I'm curious as to why the following placeholder replacement for a right to left language (these are random Arabic characters) causes the formatted string to reverse all the words.
'{0} تكنولوجيا'.replace('{0}', 'هلهل')
=> "هلهل تكنولوجيا"
This behavior was observed in the latest Chrome, FF, and Safari. It keeps the word order the same in Node.
It doesn't. replace
does exactly what you asked it to do: Replaces the first three letters of that string with هلهل
; I'm going to make it four rather than three so the original and the replacement are the same length (makes it easier to see what's going on):
var before = '{00} تكنولوجيا';
var rep = 'هلهل';
var after = before.replace('{00}', rep);
console.log("before", before.split("").map(toCharCode).join(", "));
console.log("rep ", rep.split("").map(toCharCode).join(", "));
console.log("after ", after.split("").map(toCharCode).join(", "));
function toCharCode(c) {
var hex = c.charCodeAt(0).toString(16);
hex = "0000".substr(hex.length - 4) + hex;
return "U-" + hex;
}
Output:
before U-007b, U-0030, U-0030, U-007d, U-0020, U-062a, U-0643, U-0646, U-0648, U-0644, U-0648, U-062c, U-064a, U-0627 rep U-0647, U-0644, U-0647, U-0644 after U-0647, U-0644, U-0647, U-0644, U-0020, U-062a, U-0643, U-0646, U-0648, U-0644, U-0648, U-062c, U-064a, U-0627
Note that the replacement sequence (U-0647, U-0644, U-0647, U-0644) is now at the beginning of the string.

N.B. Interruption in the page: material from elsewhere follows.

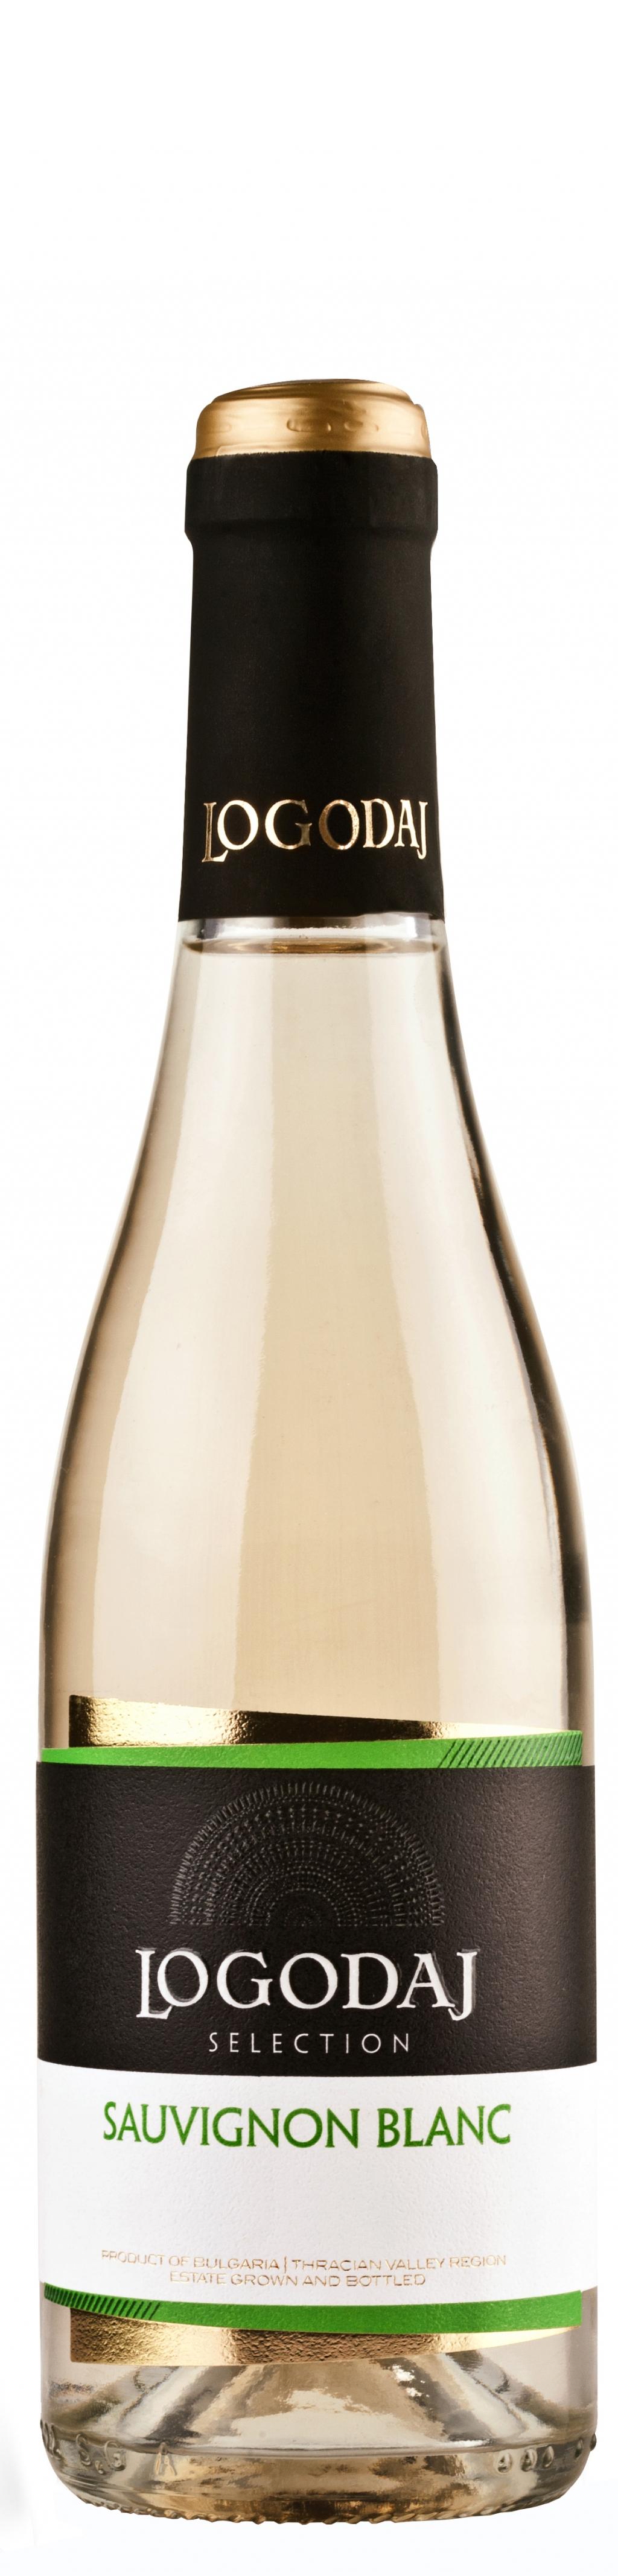 Бяло Вино Логодаж Селекшън Совиньон Блан 0.375 л

What you're seeing is the way the string is displayed. Because contiguous spans of RTL characters are displayed right-to-left, and you now have a single span of RTL which is shown in that way: The replacement is at the beginning (the far right) and the text continues to the left. Before, you had a mis of LTR and RTL, which was shown with the LTR (shown from left to right) followed by the RTL (shown from right to left).